SINGAPORE, Nov 7 — As the year's deadliest typhoon sweeps into Vietnam after wreaking havoc in the Philippines earlier this week, scientists warn such extreme events can only become more frequent as global temperatures rise.
Typhoon Kalmaegi killed at least 188 people across the Philippines and caused untold damage to infrastructure and farmland across the archipelago. The storm then destroyed homes and uprooted trees after landing in central Vietnam late yesterday.
Kalmaegi's path of destruction coincides with a meeting of delegates from more than 190 countries in the rainforest city of Belem in Brazil for the latest round of climate talks. Researchers say the failure of world leaders to control greenhouse gas emissions has led to increasingly violent storms.
"The sea surface temperatures in both the western North Pacific and over the South China Sea are both exceptionally warm," said Ben Clarke, an extreme weather researcher at London's Grantham Institute on Climate Change and Environment.
"Kalmaegi will be more powerful and wetter because of these elevated temperatures, and this trend in sea surface temperatures is extremely clearly linked to human-caused global warming."
Fuel for cyclones
While it is not straightforward to attribute a single weather event to climate change, scientists say that in principle, warmer sea surface temperatures speed up the evaporation process and pack more "fuel" into tropical cyclones.
"Climate change enhances typhoon intensity primarily by warming ocean surface temperatures and increasing atmospheric moisture content," said Gianmarco Mengaldo, a researcher at the National University of Singapore.
"Although this does not imply that every typhoon will become stronger, the likelihood of powerful storms exhibiting greater intensity, with heavier precipitation and stronger winds, rises in a warmer climate," he added.

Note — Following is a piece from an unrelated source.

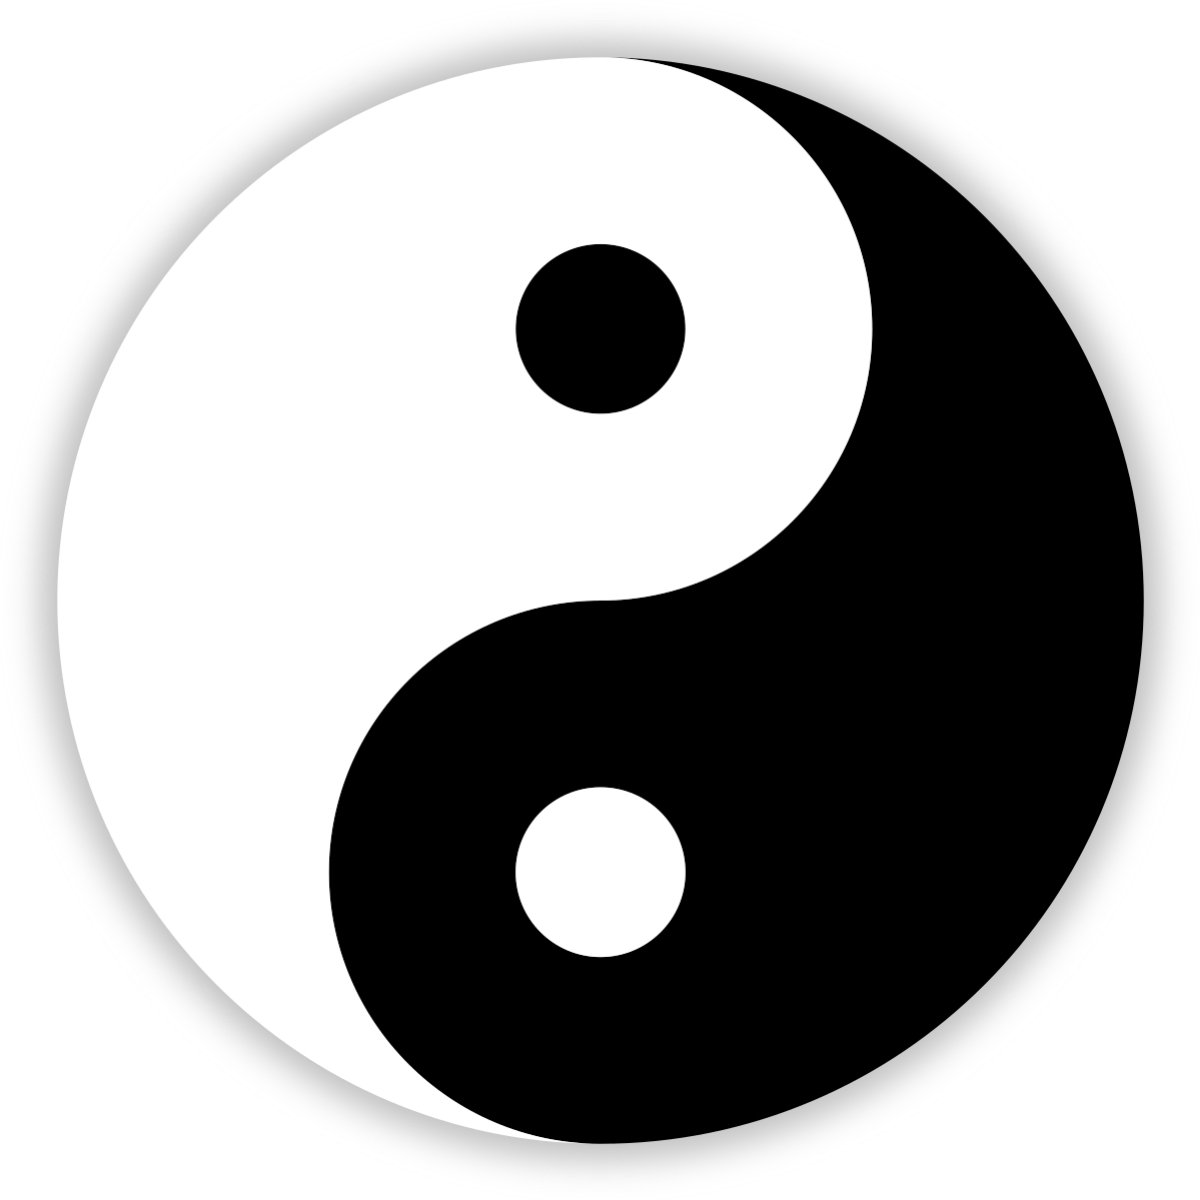 yin yang sope☯︎ - a thread

While the data does not indicate that tropical storms are becoming more frequent, they are certainly becoming more intense, said Mengaldo, who co-authored a study on the role of climate change in September's Typhoon Ragasa.

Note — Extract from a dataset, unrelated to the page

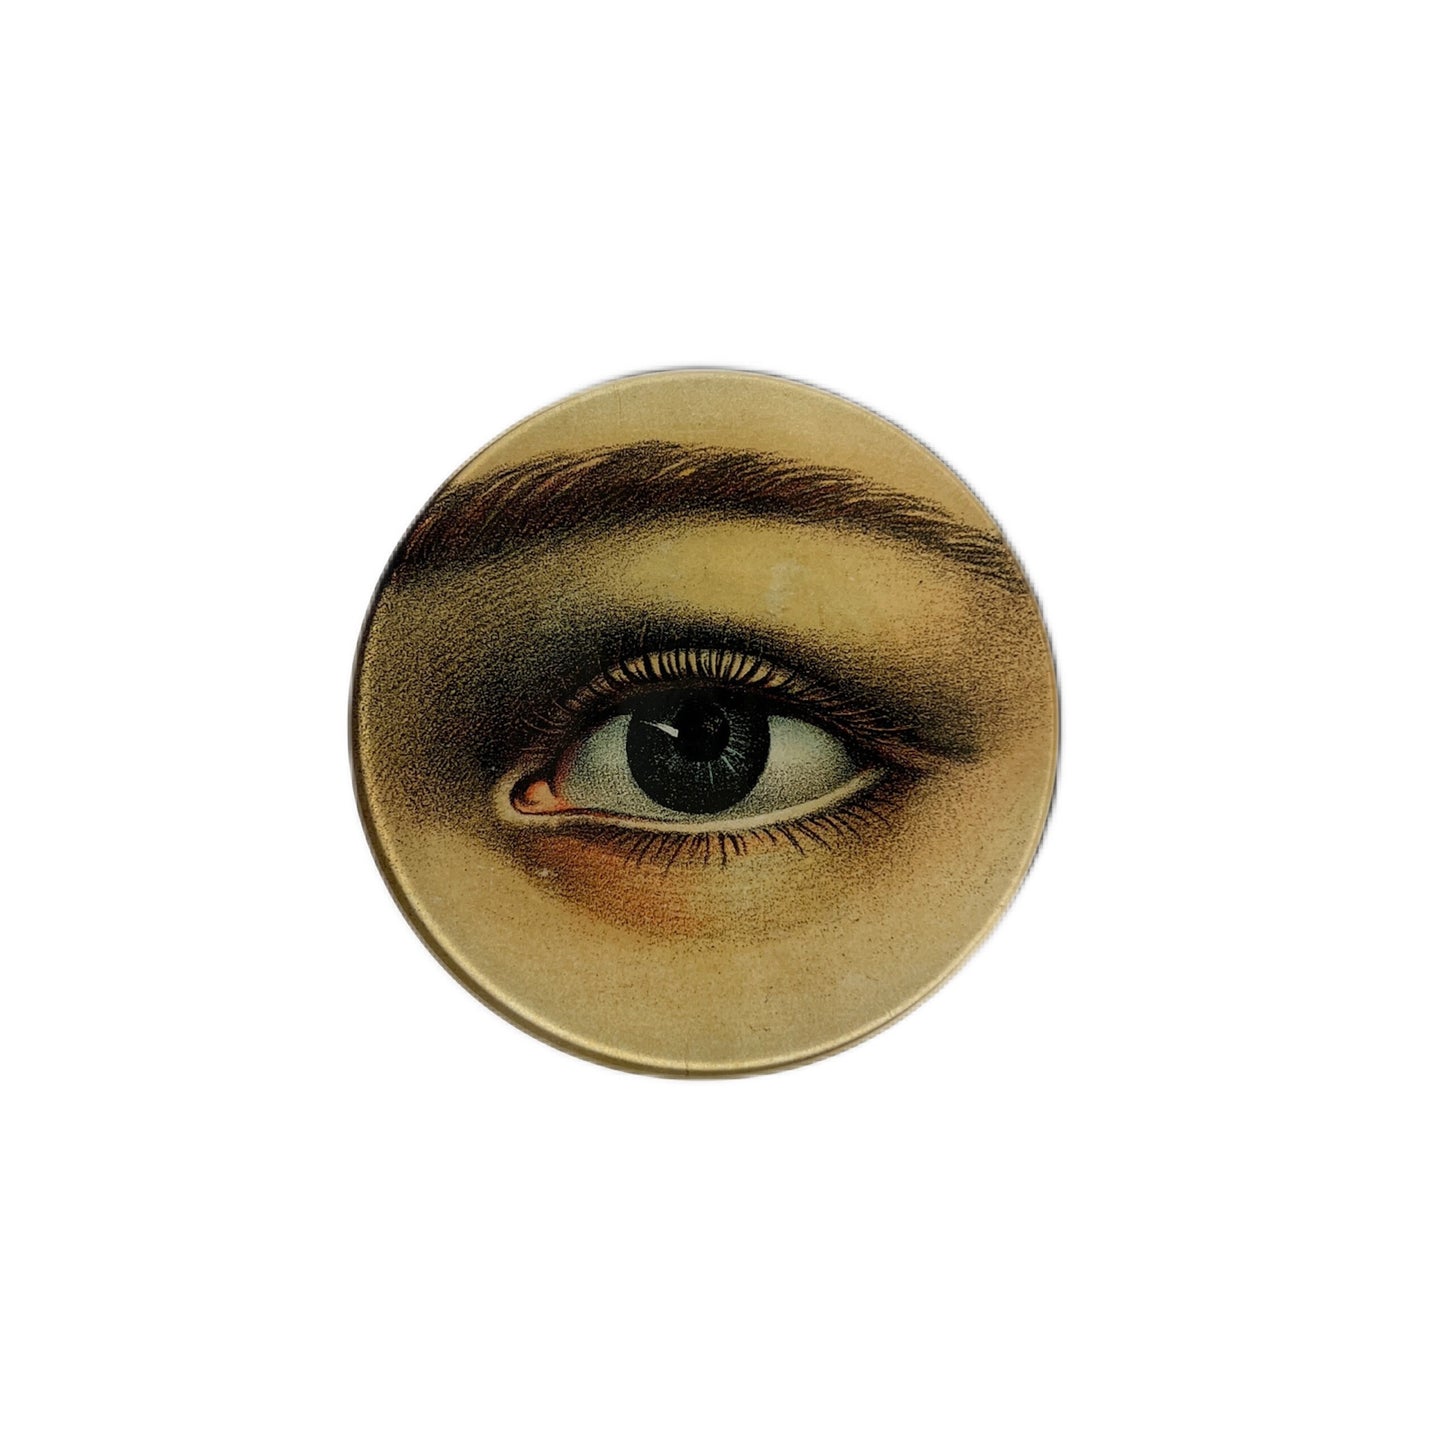 【JOHN DERIAN】デコパージュプレート Eye (Left)

Last year, the Philippines was hit by six deadly typhoons in the space of a month, and in a rare occurrence in November, saw four tropical cyclones develop at the same time, suggesting that the storms might now be happening over shorter timeframes.
"Even if total cyclone numbers don't rise dramatically annually, their seasonal proximity and impact potential could increase," said Drubajyoti Samanta, a climate scientist at Singapore's Nanyang Technological University.
"Kalmaegi is a stark reminder of that emerging risk pattern," he added.